Reverend Carl Wilhelm Schmidt (died 1864), also known as Karl Schmidt, was a German missionary, and an ordained minister of the Prussian United Church. Schmidt's missionary work took him to Queensland and Samoa, where he founded a number of Lutheran institutions and settlements.

==Early life==

Schmidt was born in Stargard, Pomerania (now Poland). He studied at the Universities of Halle and Berlin, before becoming the first theological student of Johannes Gossner, a minister of the Bethlehem Bohemian Church in Berlin. Gossner was the founder of the Evangelical Union for the Spread of Christianity among the Heathen, and he recommended Schmidt to lead a party of nine missionaries trained for work with a British society.

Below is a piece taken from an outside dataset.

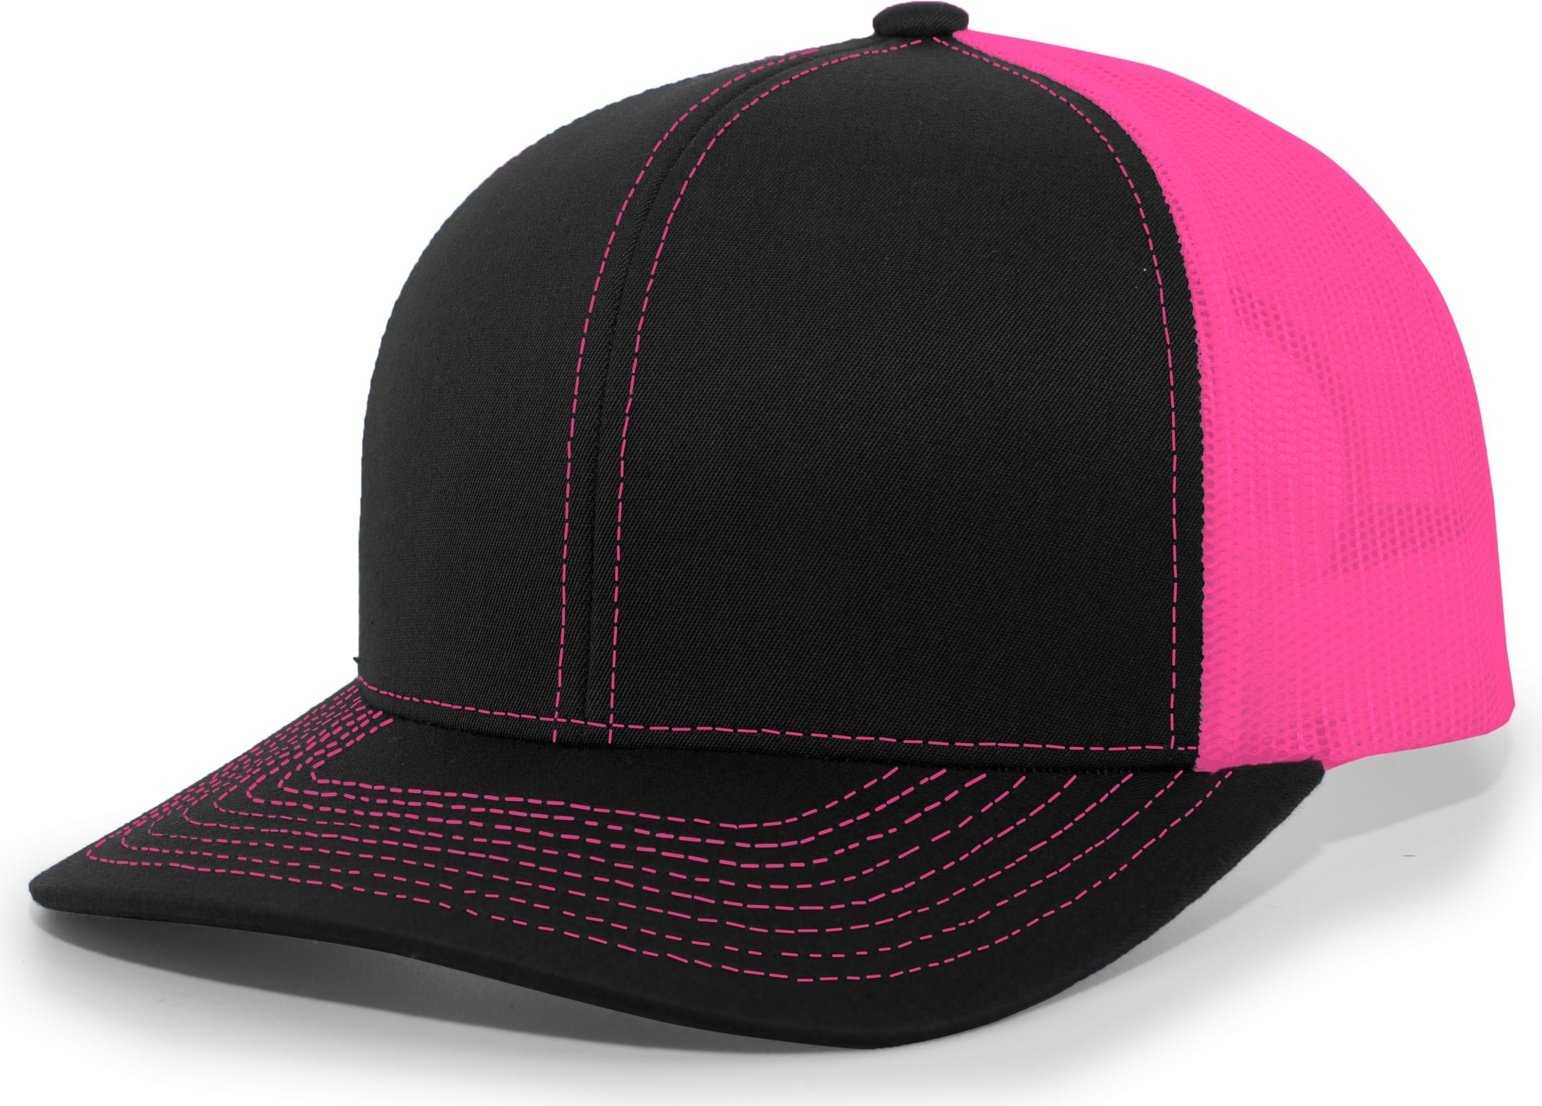 Pacific Headwear 104C Trucker Snapback Cap - Black Pink - HIT a Double

In 1837, Schmidt came to the notice of Rev John Dunmore Lang in Australia, via Samuel Johnson, a friend of Gossner's in London. After being joined by fellow missionary Christopher Eipper in Greenock, Scotland, Schmidt and his party set sail for Australia on the Minerva. Conditions aboard the ship were harsh, with Moritz Schneider, a surgeon employed by Lang, dying of typhoid en route. Schmidt arrived in Sydney in January 1838.

==Missionary Work in Australia==

===Sydney===

Upon arrival in Australia, Schmidt was admitted as a member of Lang's Presbyterian Synod of New South Wales on 15 March 1838. He founded the New South Wales Society in aid of the German Mission to the Aborigines, whose mission involved supporting a mission in connection with government funding. Schmidt ministered to a German congregation in Sydney for some months while a party scouted in the Moreton Bay area for a suitable site. Upon arrival in Brisbane in June 1838, Schmidt found that his scouting party had selected a location north of the settlement that they called Zion's Hill.

===Zion's Hill Mission===

He was the leader of the first European settlement in what is now the area of Nundah, Queensland, when he helped found the "Zion Hill" mission, located near to the modern-day "Walkers Way". Although joined by fellow German missionary Reverend Christopher Eipper, Schmidt did not have much success in bringing Christianity to the Aboriginal people in the area, and his mission was dismantled at the behest of the colonial government in 1846.

===Kilcoy Poisoning===

Schmidt was also notable for being involved in leaking the details of a deliberate mass poisoning of Aboriginal people at Kilcoy in Queensland to the Sydney press. Schmidt had recorded in his travel diary the details of the incident, in which as many as sixty Aboriginal people were given flour and other rations laced with strychnine by white settlers. Not wanting to upset the delicate situation and cause any reprisal attacks, the authorities attempted to hush up the affair. Fellow minister and evangelical reformer John Dunmore Lang published the details from Schmidt's travel diary in the Colonial Observer, causing a major scandal in Sydney, the colonial capital.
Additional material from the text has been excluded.